# White House visitor logs

### Import Python tools and Jupyter configuration

In [1]:
%load_ext lab_black

In [2]:
import pandas as pd
import requests
from bs4 import BeautifulSoup
import re
import datetime as dt
import glob

### Read the page to find links to the raw data

In [3]:
r = requests.get("https://www.whitehouse.gov/disclosures/visitor-logs/")
soup = BeautifulSoup(r.text, "html.parser")

In [4]:
links = [a.get("href") for a in soup.find_all("a", href=re.compile(".csv"))]

In [5]:
for link in links:
    !wget -P 'data/raw/csv' {link} --quiet -N

In [6]:
path = "data/raw/csv/"
all_files = glob.glob(path + "*.csv")

li = []

for filename in all_files:
    df = pd.read_csv(filename, index_col=None, header=0)
    li.append(df)

src = pd.concat(li, axis=0, ignore_index=True)

### Clean up the columns

In [7]:
src.columns = src.columns.str.lower()

In [8]:
src = src[src.columns.drop(list(src.filter(regex="unnamed")))]

In [9]:
src = src.sort_values("releasedate", ascending=False)

In [10]:
src.head()

Unnamed: 0,namelast,namefirst,namemid,uin,bdgnbr,access_type,toa,poa,tod,pod,...,terminal_suffix,visitee_namelast,visitee_namefirst,meeting_loc,meeting_room,caller_name_last,caller_name_first,caller_room,description,releasedate
15183,POWELL,JEREMY,W,U25295,181014.0,VA,5/27/2021 8:24,K0101,,,...,CC,Cooper,Charles,NEOB,3202,COOPER,CHARLES,,,8/30/2021
14710,SAMSON,WILLIAM,E,U25068,,VA,,,,,...,ET,Teleky,Ed,WH,EW 206,TELEKY,EDWARD,,,8/30/2021
14723,WILCOXSON,MARTHA,L,U25238,,VA,,,,,...,DV,,POTUS,WH,EW206,VIA,DANIEL,,,8/30/2021
14722,WILCOXSON,ANTHONY,L,U25238,,VA,,,,,...,DV,,POTUS,WH,EW206,VIA,DANIEL,,,8/30/2021
14721,WHITMAN,RALPH,E,U25238,,VA,,,,,...,DV,,POTUS,WH,EW206,VIA,DANIEL,,,8/30/2021


### Real dates

In [11]:
date_cols = [
    "appt_made_date",
    "appt_start_date",
    "appt_end_date",
    "appt_cancel_date",
    "releasedate",
]

In [12]:
src[date_cols] = src[date_cols].applymap(lambda x: pd.to_datetime(x))

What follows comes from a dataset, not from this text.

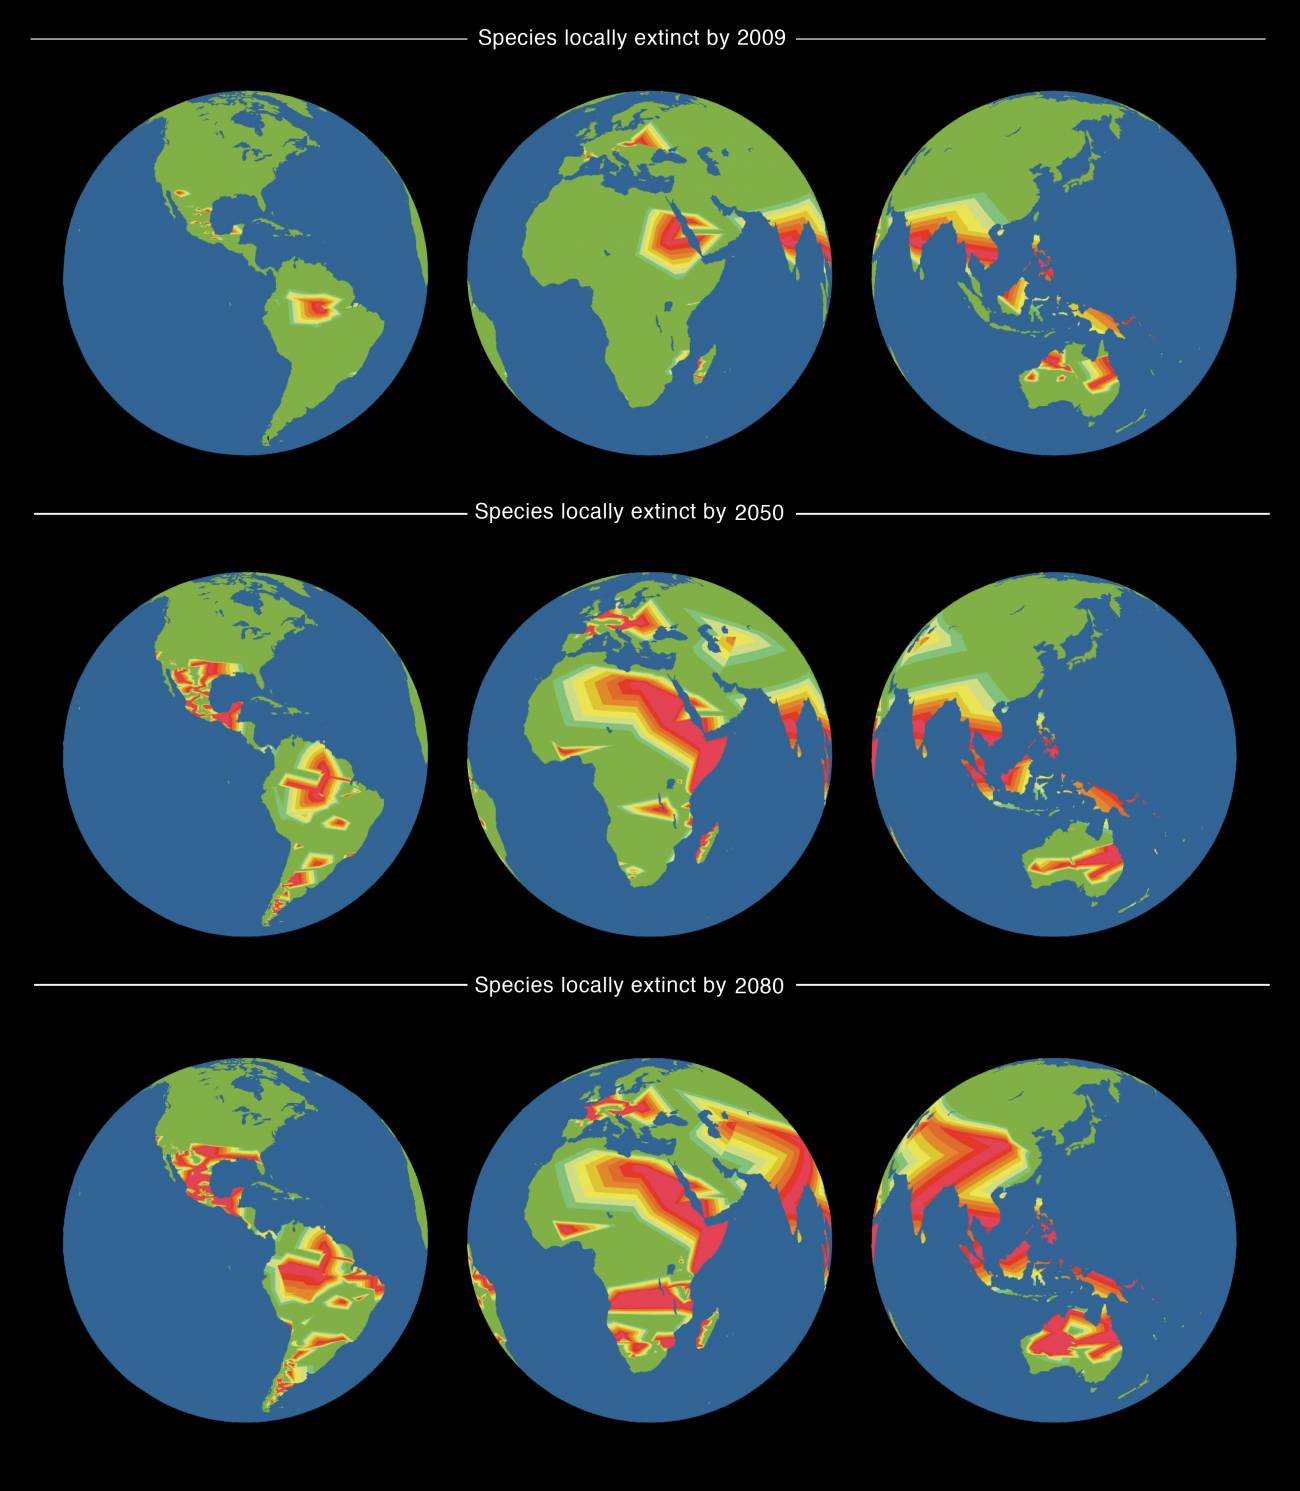 Mapas mundiales de las extinciones detectadas en 2009, junto con proyecciones para 2050 y 2080 basadas en la distribución geográfica de las familias de lagartos en del mundo.

### The dataframe has inconsitent casing. Let's make it all upper for grouping later. 

In [13]:
src[
    [
        "namelast",
        "namefirst",
        "namemid",
        "uin",
        "access_type",
        "toa",
        "poa",
        "tod",
        "pod",
        "last_updatedby",
        "post",
        "lastentrydate",
        "terminal_suffix",
        "visitee_namelast",
        "visitee_namefirst",
        "meeting_loc",
        "meeting_room",
        "caller_name_last",
        "caller_name_first",
        "description",
    ]
] = src[
    [
        "namelast",
        "namefirst",
        "namemid",
        "uin",
        "access_type",
        "toa",
        "poa",
        "tod",
        "pod",
        "last_updatedby",
        "post",
        "lastentrydate",
        "terminal_suffix",
        "visitee_namelast",
        "visitee_namefirst",
        "meeting_loc",
        "meeting_room",
        "caller_name_last",
        "caller_name_first",
        "description",
    ]
].apply(
    lambda x: x.astype(str).str.upper()
)

In [14]:
df = src.copy()

---

## Exports

In [15]:
today = dt.date.today().strftime("%m-%d-%Y")

In [16]:
df.to_csv("data/processed/log_" + today + ".csv", index=False)
df.to_csv("data/processed/log_latest.csv", index=False)
src.to_csv("data/raw/log_" + today + ".csv", index=False)